Ferroelectric materials have a number of attractive properties. Ferroelectrics can handle high Peak power. The average power handling capacity is governed by the dielectric loss of the material. They have low switching time (such as 100 nS). Some ferroelectrics have low losses. The permittivity of ferroelectrics is generally large, as such the device is small in size. The ferroelectrics are operated in the paraelectric phase i.e. slightly above the Curie temperature. Inherently, they have a broad bandwidth. They have no low frequency limitation as contrasted to ferrite devices. The high frequency operation is governed by the relaxation frequency, such as 95 GHz for strontium titanate, of the ferroelectric material. The loss of the ferroelectric high Tc superconductor RF phase shifter is low with ferroelectric materials with a low loss tangent. A number of ferroelectrics are not subject to burnout.
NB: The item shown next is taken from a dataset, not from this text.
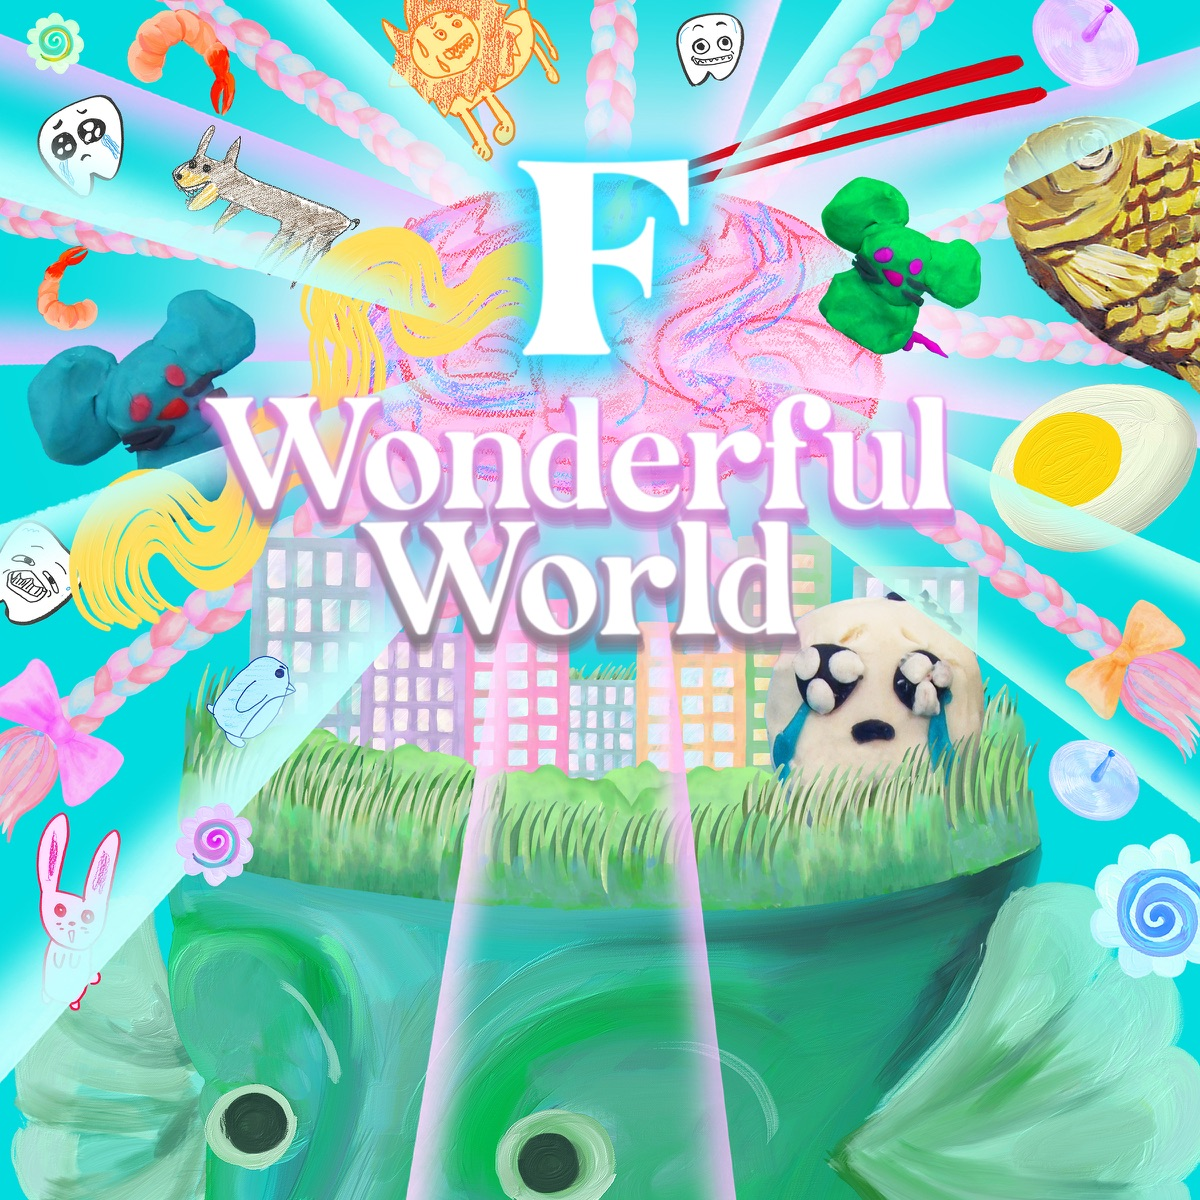 『ano - F Wonderful World』収録の『F Wonderful World』ジャケット
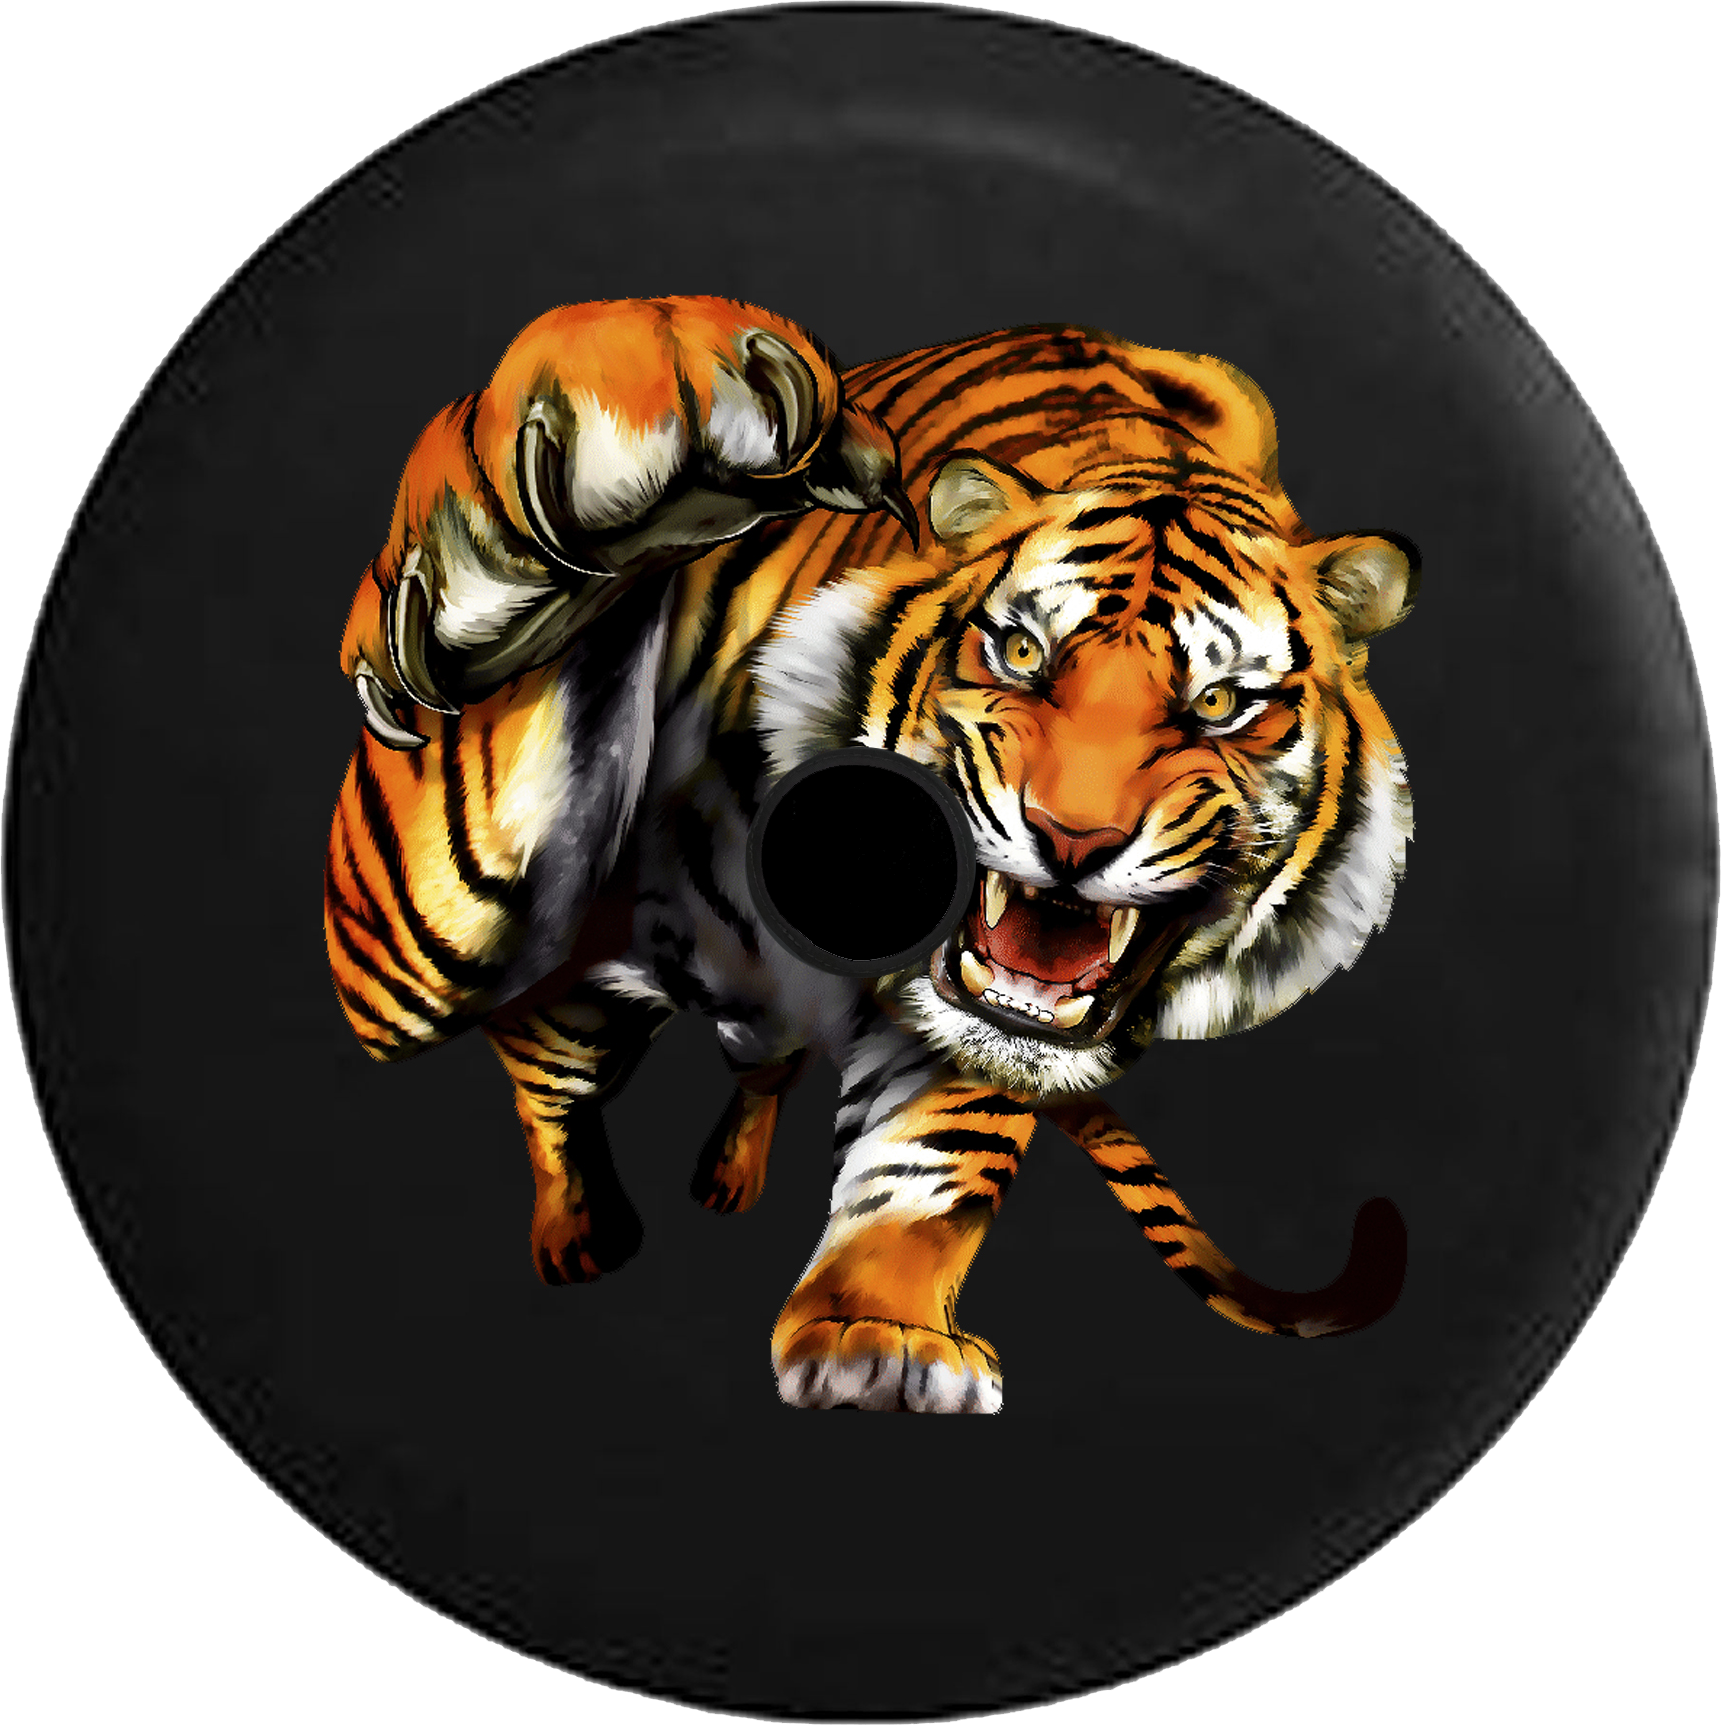 Jeep Wrangler Jl Backup Camera Day Striped Tiger Attacking.

There are three deficiencies of the current technology. (1) The insertion loss is high as shown by S. N. Das, "Ferroelectrics for Time Delay Steering of an Array," Ferroelectrics, vol. 5, pp. 253-257, 1973. The present invention uses low loss ferroelectrics as discused by Rytz et al. D Rytz, M. B. Klein, B. Bobbs, M. Matloubian and H. Fetterman, Dielectric Properties of KTa1-x Nbx O3 at millimeter wavelengths," J. Appl. Phys. vol. 24 (1985), Supp. 24-2, pp. 1010-1012, and to reduce the conductor losses, uses a high Tc superconductor for the conductor. (2) The properties of ferroelectrics are temperature dependent as discussed by Rytz et al. supra. This invention uses the phase shifters at a constant high Tc superconducting temperature. (3) The third deficiency is the variation of the VSWR over the operating range of the phase shifter. The present invention uses a ferroelectric quarter wave matching transformer to obtain a good VSWR over the operating range of the phase shifter. The bandwidth of the phase shifter can be extended by using more than one matching transformer.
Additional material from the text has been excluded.